Bohnert KA, Gould KL - PLoS Genet. (2012)

Bottom Line: Intriguingly, such cells elongated constitutively at new ends unless cytokinesis was perturbed.We posit that such constraints facilitate invasive fungal growth, as cytokinesis mutants displaying bipolar growth defects formed numerous pseudohyphae.Collectively, these data highlight a role for previous cell cycles in defining a cell's capacity to polarize at specific sites, and they additionally provide insight into how a unicellular yeast can transition into a quasi-multicellular state.

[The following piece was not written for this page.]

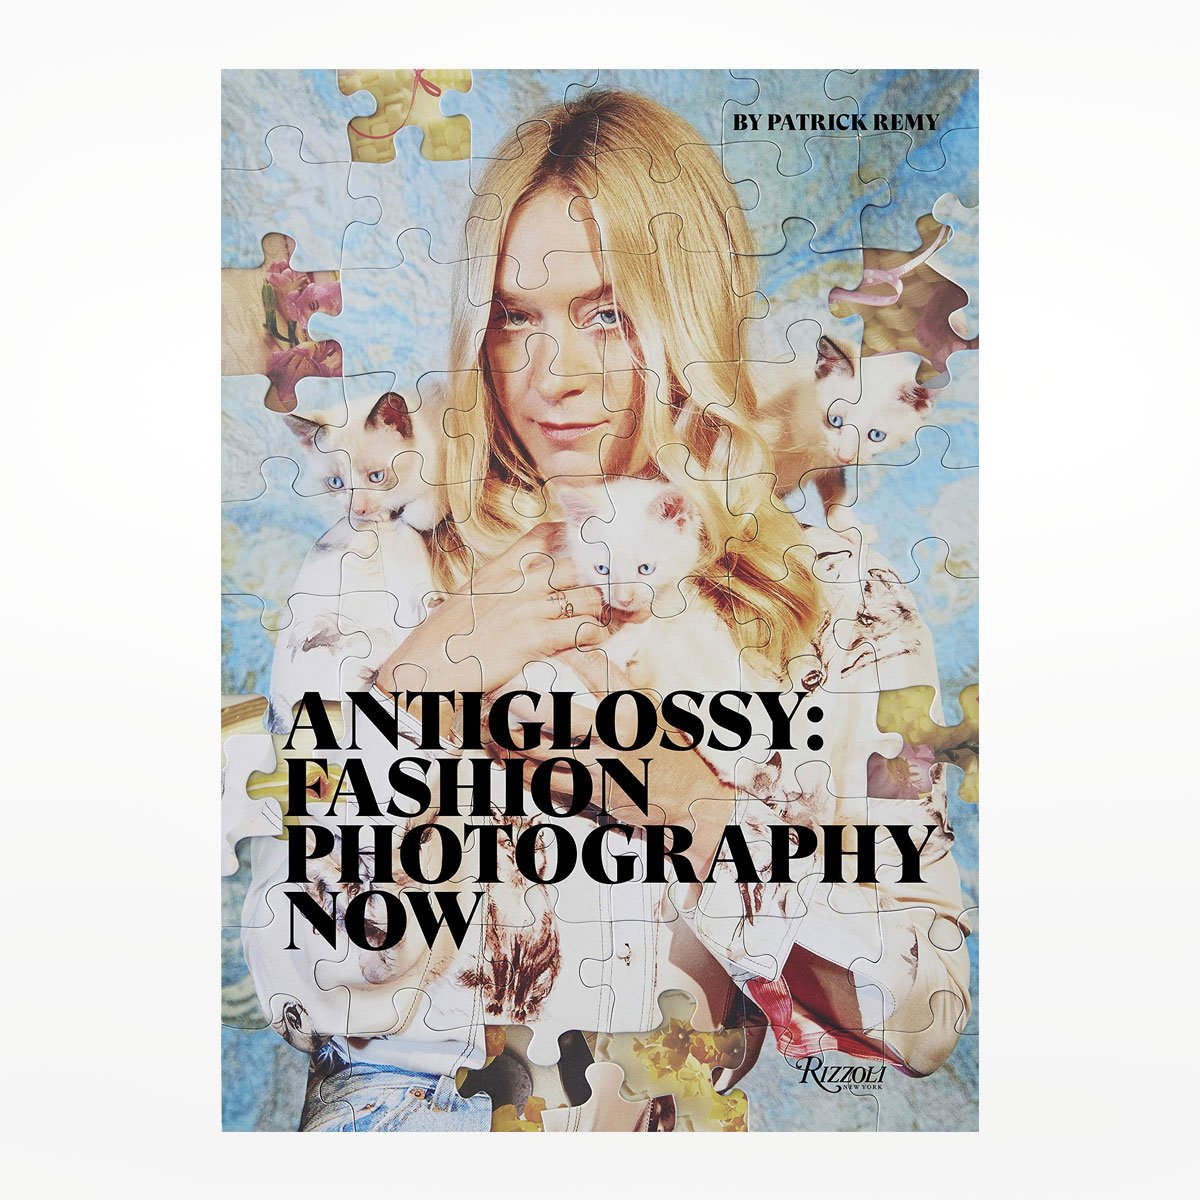 AntiGlossy: Fashion Photography Now

View Article: PubMed Central - PubMed

Affiliation: Howard Hughes Medical Institute and Department of Cell and Developmental Biology, Vanderbilt University School of Medicine, Nashville, Tennessee, USA.

ABSTRACT
The rod-shaped fission yeast Schizosaccharomyces pombe, which undergoes cycles of monopolar-to-bipolar tip growth, is an attractive organism for studying cell-cycle regulation of polarity establishment. While previous research has described factors mediating this process from interphase cell tips, we found that division site signaling also impacts the re-establishment of bipolar cell growth in the ensuing cell cycle. Complete loss or targeted disruption of the non-essential cytokinesis protein Fic1 at the division site, but not at interphase cell tips, resulted in many cells failing to grow at new ends created by cell division. This appeared due to faulty disassembly and abnormal persistence of the cell division machinery at new ends of fic1Δ cells. Moreover, additional mutants defective in the final stages of cytokinesis exhibited analogous growth polarity defects, supporting that robust completion of cell division contributes to new end-growth competency. To test this model, we genetically manipulated S. pombe cells to undergo new end take-off immediately after cell division. Intriguingly, such cells elongated constitutively at new ends unless cytokinesis was perturbed. Thus, cell division imposes constraints that partially override positive controls on growth. We posit that such constraints facilitate invasive fungal growth, as cytokinesis mutants displaying bipolar growth defects formed numerous pseudohyphae. Collectively, these data highlight a role for previous cell cycles in defining a cell's capacity to polarize at specific sites, and they additionally provide insight into how a unicellular yeast can transition into a quasi-multicellular state.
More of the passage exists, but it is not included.